Preparation of minutes, custody of the books and records, and custody of the minutes of all the meetings of the Co-operative and of the Board of Directors shall be the responsibility of the Secretary.  The Secretary shall also perform such other duties as may be assigned to him or her by the Board of Directors. The directors may appoint an external recording secretary for preparing the minutes of meetings.
The books and records of the Co-operative may be inspected by any member at any reasonable time within two days prior to the annual general meeting at the registered office of the Co-operative.

Contracts, deeds, bills of exchange and other instruments and documents may be executed on behalf of the Co-operative by the Chair or the Vice-Chair and the Secretary, or otherwise as prescribed by resolution of the Board of Directors.

A financial presentation outlining the position of the Co-operative shall be provided at a minimum of three board meetings per year.

(b)  The Chair shall have general supervision of the activities of the Co-operative and shall perform such duties as maybe assigned to him or her by the members from time to time.

(c )  The Vice-Chair shall, at the request of the members or directors and subject to its directions, perform the duties of the Chairman during the absence, illness or incapacity of the Chair, or during such period of the Chair may request him or her to do so.
6.  Audit of Accounts

(a)  The auditor of the Co-operative shall be appointed annually by the members of the Co-operative at the ordinary or annual general meeting and, on failure of the members to appoint an auditor, the directors may do so.

(b)  The Co-operative shall make a written report to the members as to the financial position of the Co-operative and the report shall contain a balance sheet and operating account.
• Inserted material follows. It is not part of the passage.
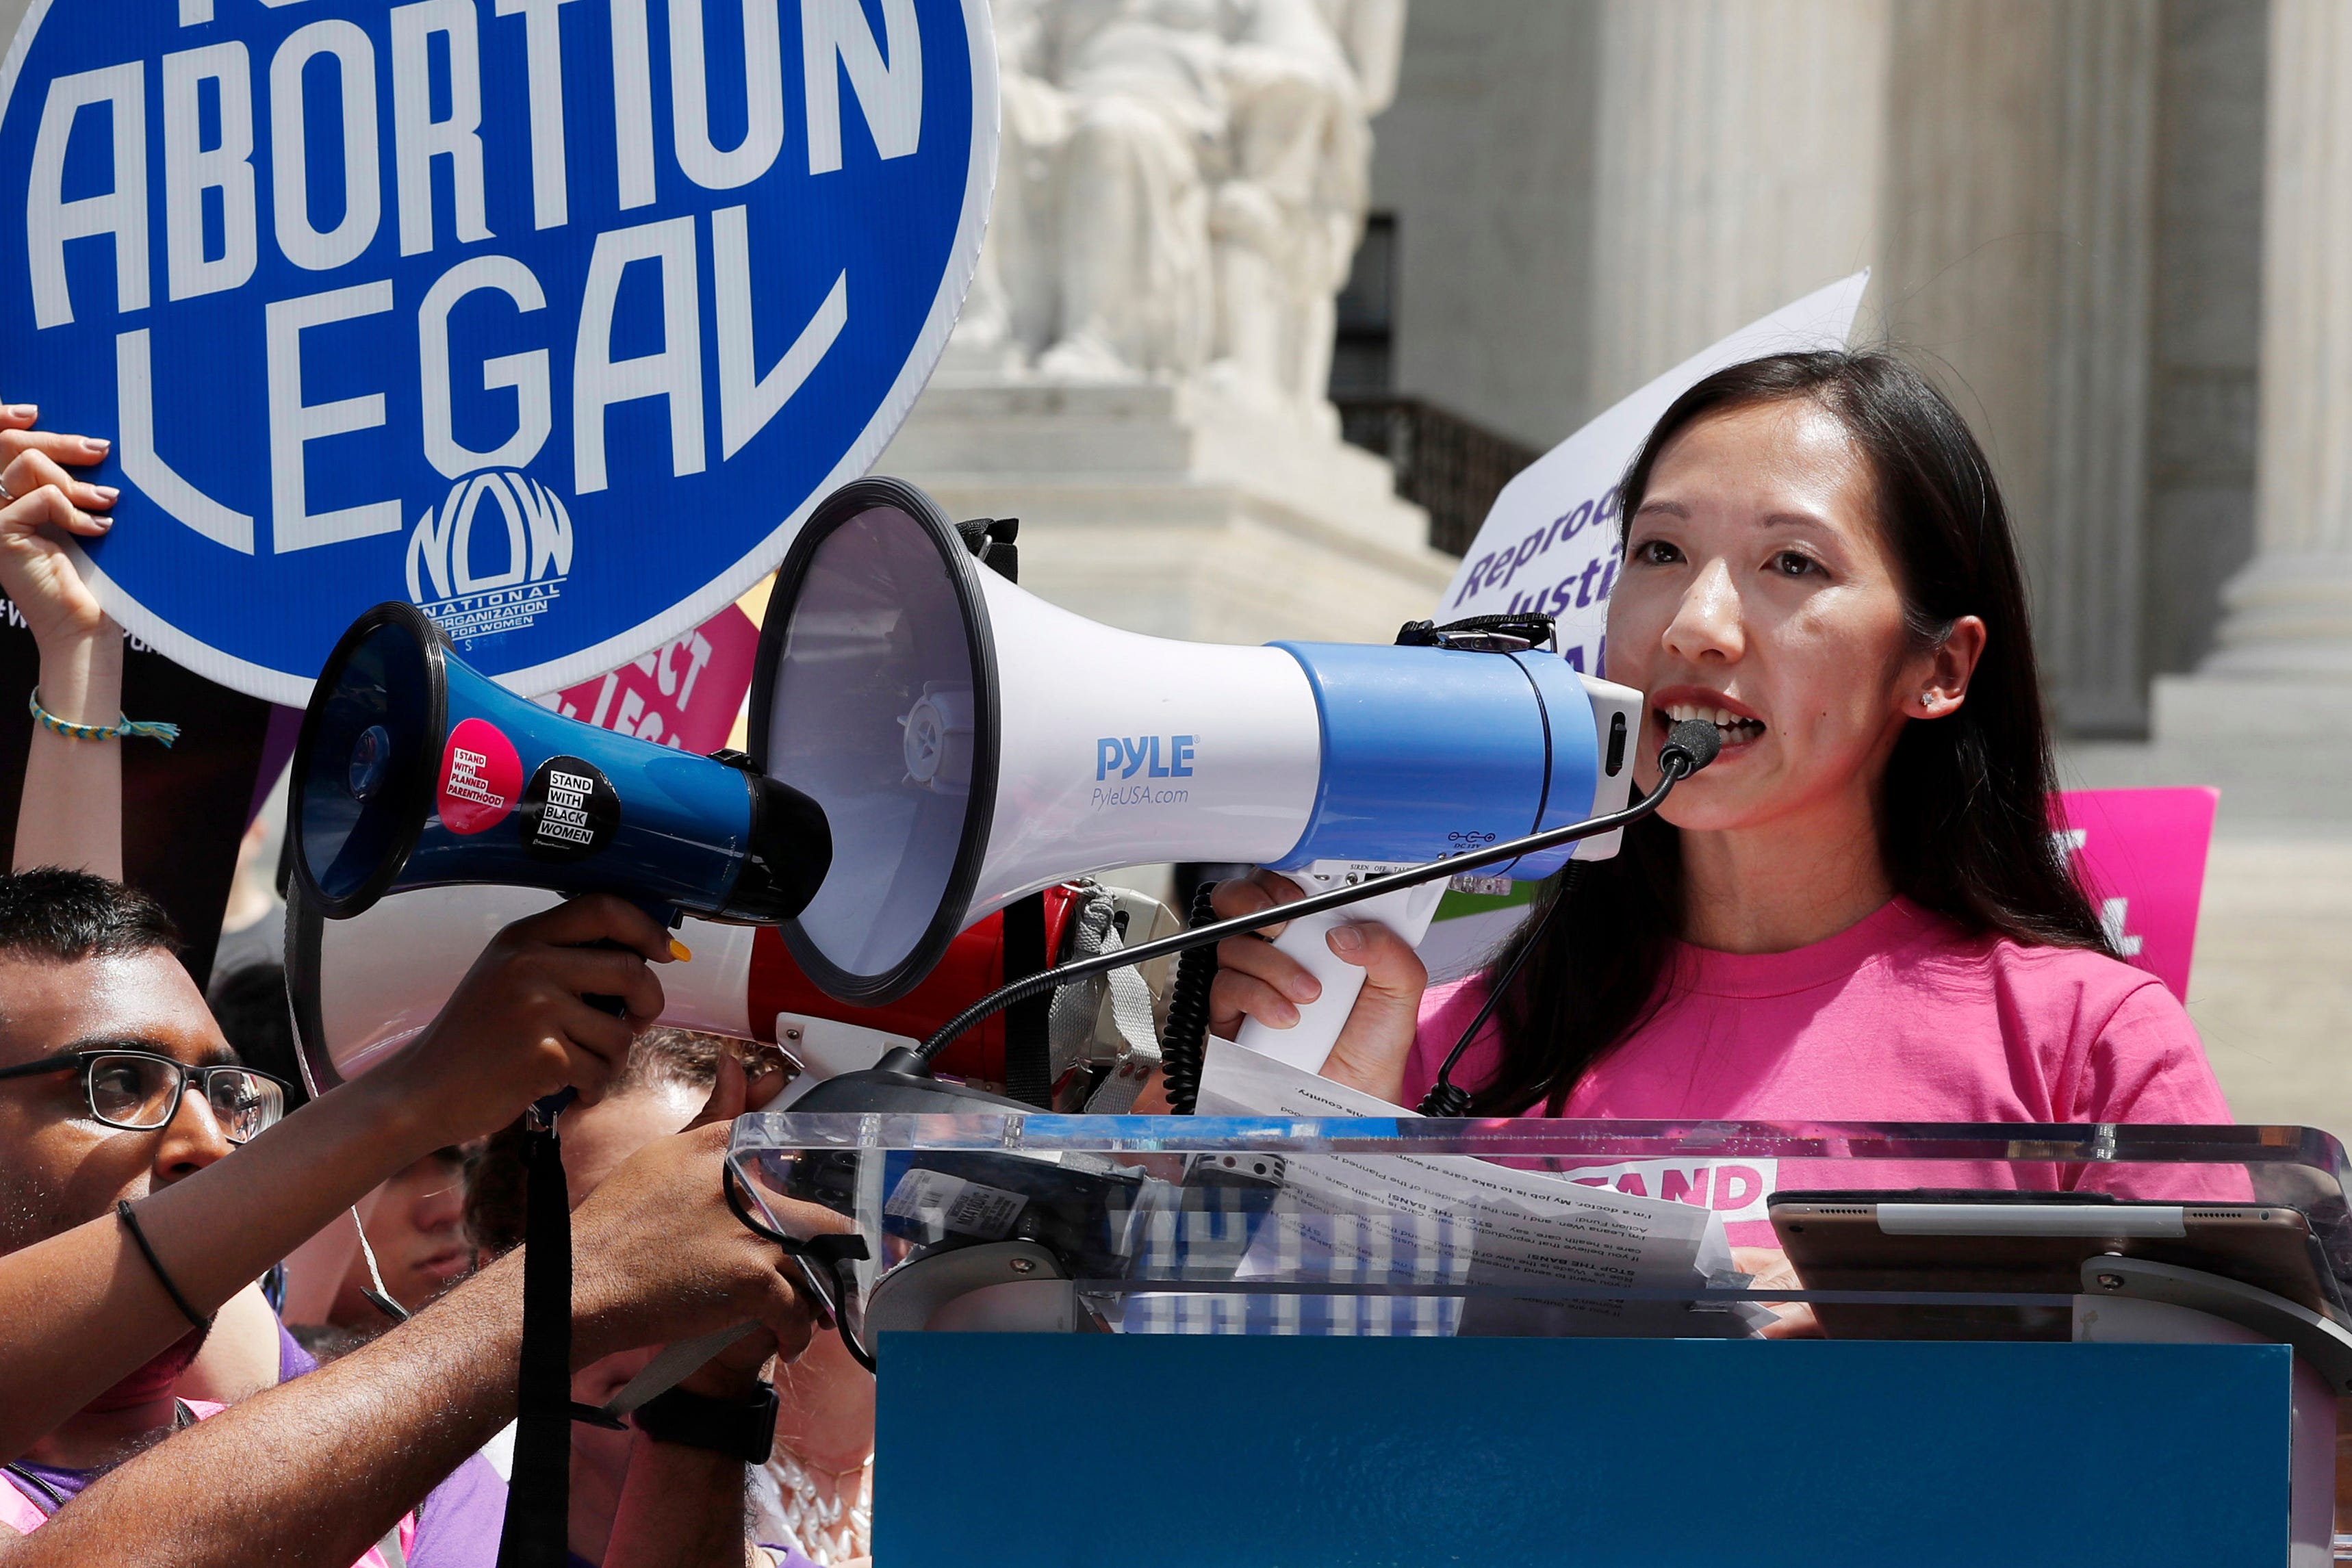 Planned Parenthood President Leana Wen speaks during a protest against abortion bans outside the Supreme Court in Washington on May 21, 2019.

The auditors shall make a written report to the members upon the balance sheet and operating account, and in every such report, he shall state whether, in his or her opinion, the balance sheet is a full and fair balance sheet containing the particulars required by the Co-operative and properly drawn up so as to exhibit a true and correct view of the Co-operative affairs, and such report shall be read at the annual meeting. A copy of the balance sheet, showing the general particulars of its liabilities and assets and a statement of its income and expenditure in the preceding year, audited by the auditor, shall be filed with the Registrar within fourteen days after the annual meeting in each year as required by law.

(c )  The Co-operative has power to repeal or amend any of the Co-operative By-Laws or by-laws by a special resolution passed in the manner prescribed by law.

7.  Borrowing Powers

(a) The borrowing powers shall be carried out in accordance with the by-laws for the Co-operative.

(b) The borrowing powers of the Co-operative may be exercised by special resolution of the members.